Adding Share Expert Fusion for DeepSeek
This PR is to submit a feature enable fuse shared expert into MoE module for DeepSeek V2/3 models. Design doc: https://docs.google.com/document/d/1iXgzR6Mt6s0DpT7w2Pz93ExlUJ-nnSnU_o9Sqd8TE34/edit?tab=t.0
TL;DR:
We have up to 34% ITL lossless improvement and 12% TTLT lossless improvement by enabling this feature.

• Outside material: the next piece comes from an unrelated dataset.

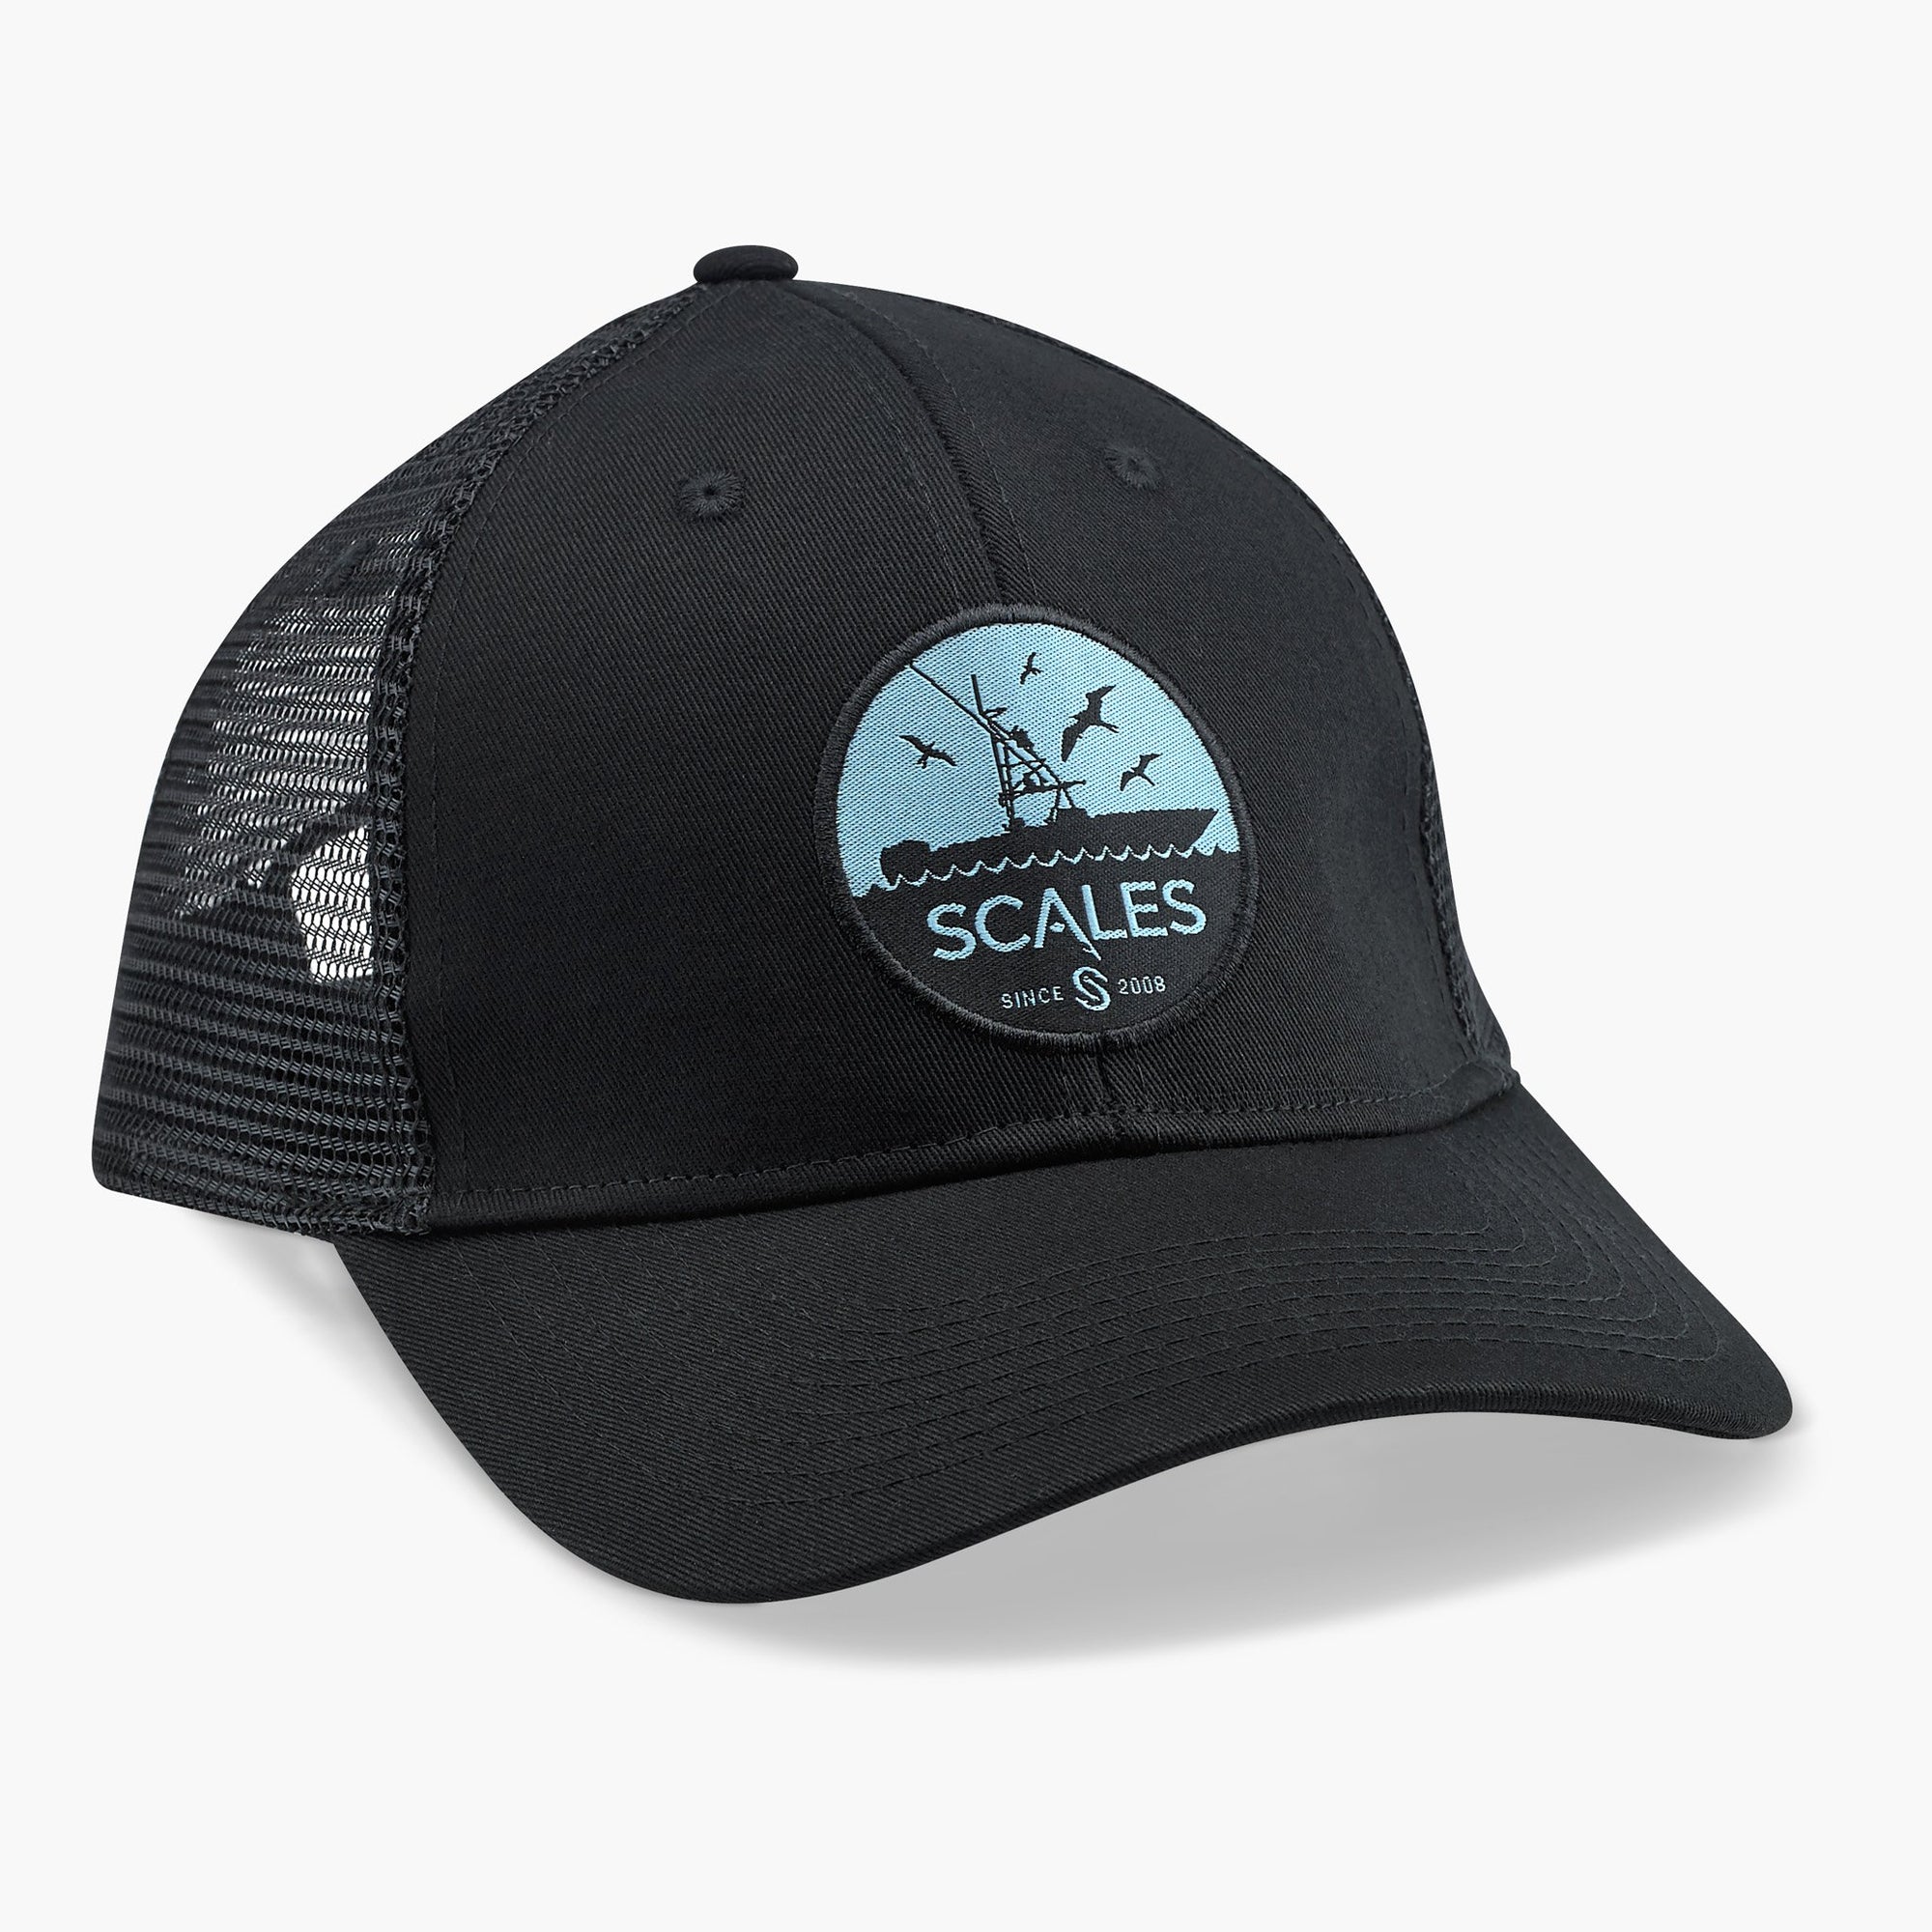 Scales Gear Frenzy Trucker Black Cap

With FlashAttention3, without MLA and without V1 Engine.
vllm: 0.8.3,
LLMPerf: https://github.com/ray-project/llmperf,
LM-Eval-Harness: https://github.com/EleutherAI/lm-evaluation-harness 0.4.0
Command to enable this feature:
export VLLM_USE_V1=0; export VLLM_MLA_DISABLE=1; export VLLM_ENABLE_SHARE_EXPERT_FUSION=1;python3 -m vllm.entrypoints.openai.api_server --model /home/ubuntu/workspace/ckpt/DeepSeek-R1 --tensor-parallel-size 8 --trust-remote-code --max-model-len 16384
Details:
Implementation:
- Currently we used a ENV Variable (VLLM_ENABLE_SHARE_EXPERT_FUSION) as the toggle to enable/disable the feature. Later we can edit it as a engine args.

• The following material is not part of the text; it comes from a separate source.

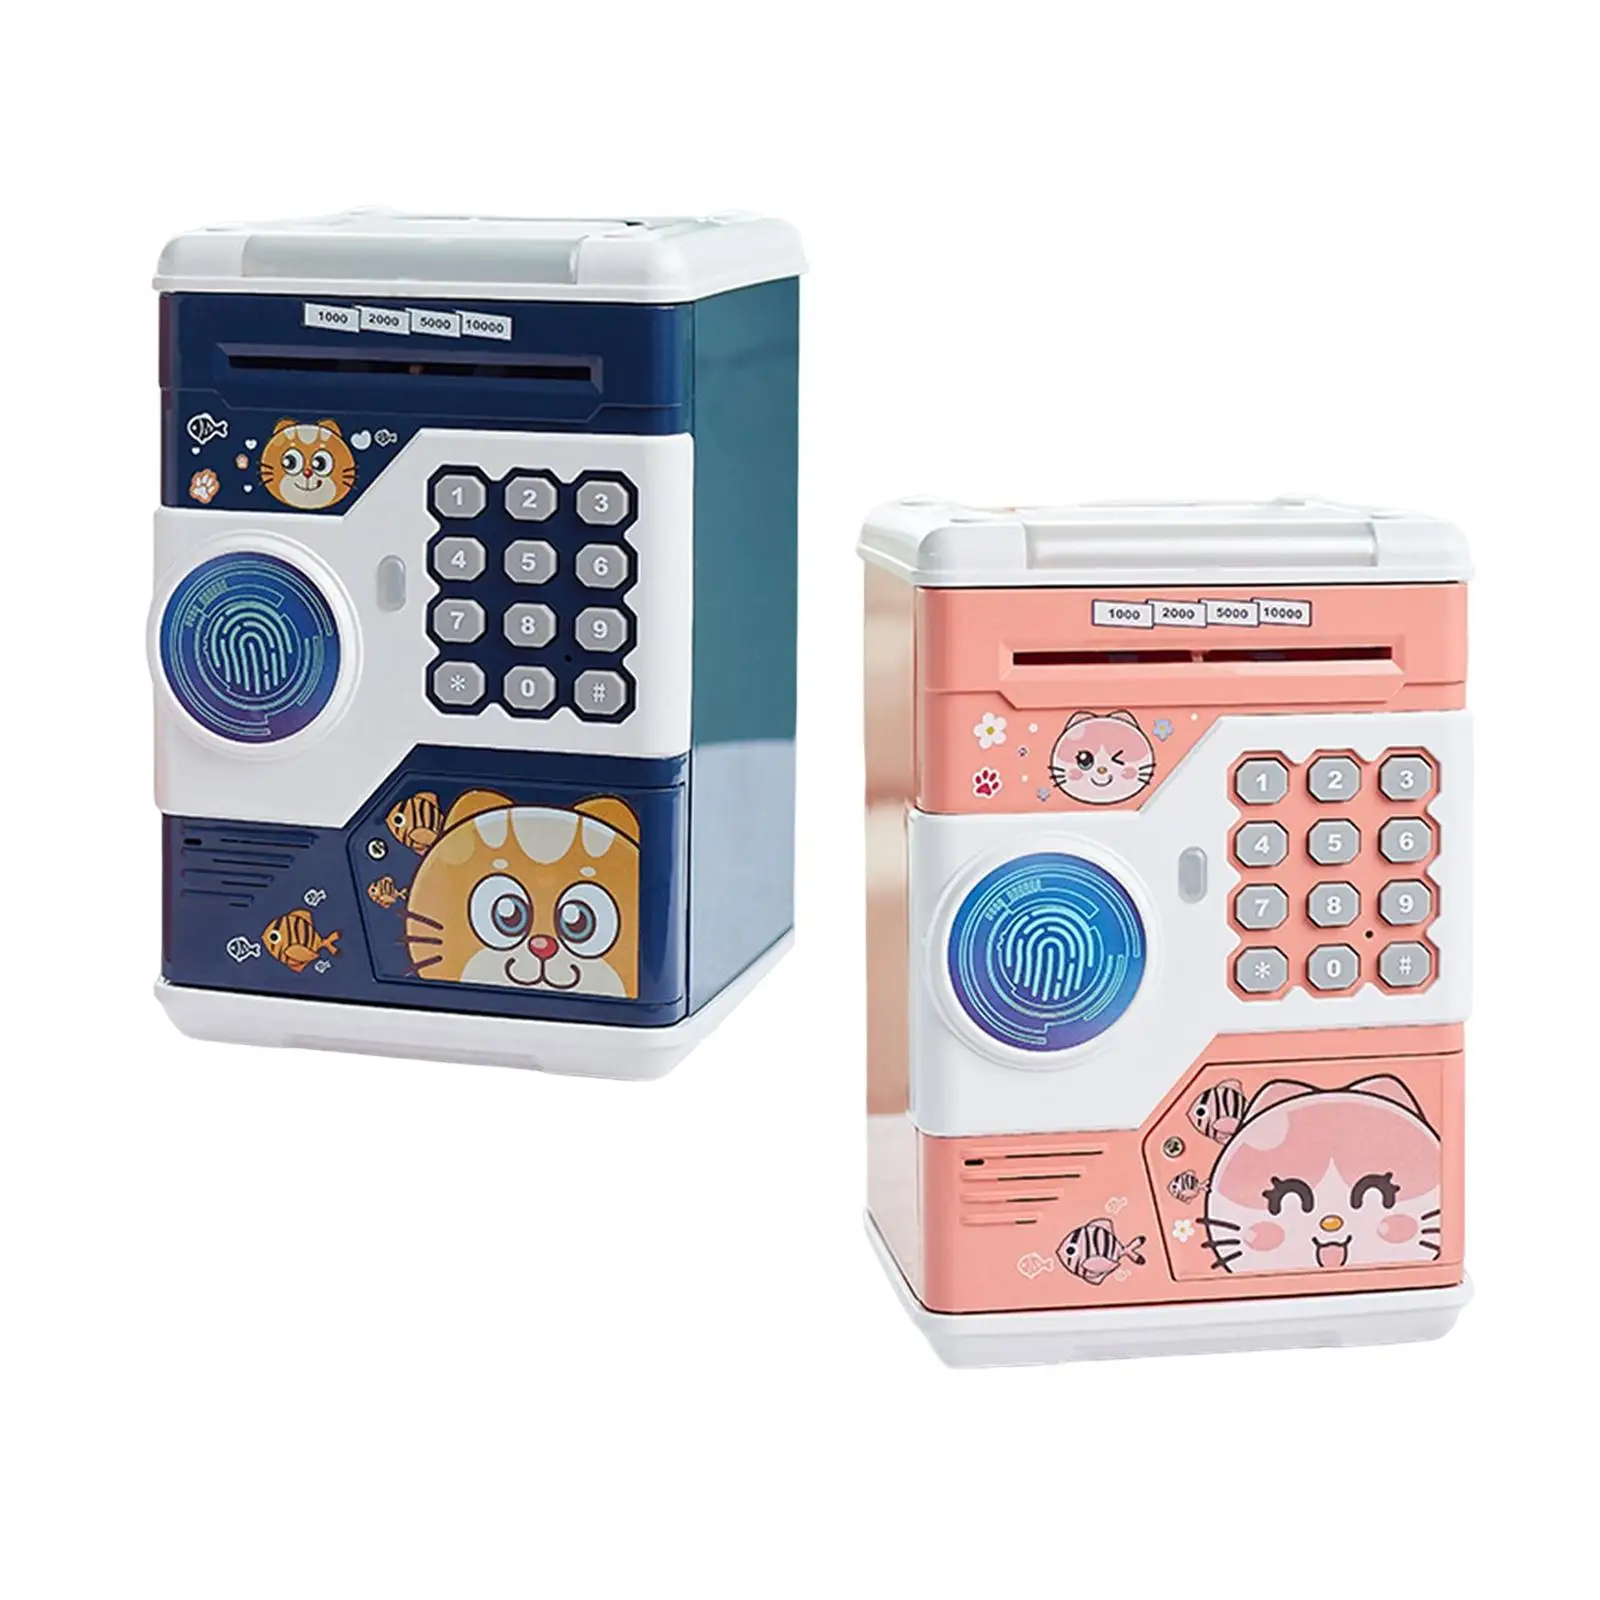  Bank Toy Fingerprint Password Code Lock    Saving Saving Bank Toy for Girls Birthday Gifts

- When this feature enabled, we internally set the expert number =264 and topk = 9 for FusedMoE module, and clone the shared expert weight into experts No.256 to No.263 during weight loading stage. Here the CUDA memory usage increase a bit (about 1-2 GB per GPU, assuming TP=8)
- Top 9th routed expert id and expert weights are manually assigned so that expert are balanced and accuracy are guaranteed.
Result:
Kernel level profile in the doc above
Latency:
The 117% TTLT improvement might be due to a stuck prefill of baseline. I excluded it for conclusion.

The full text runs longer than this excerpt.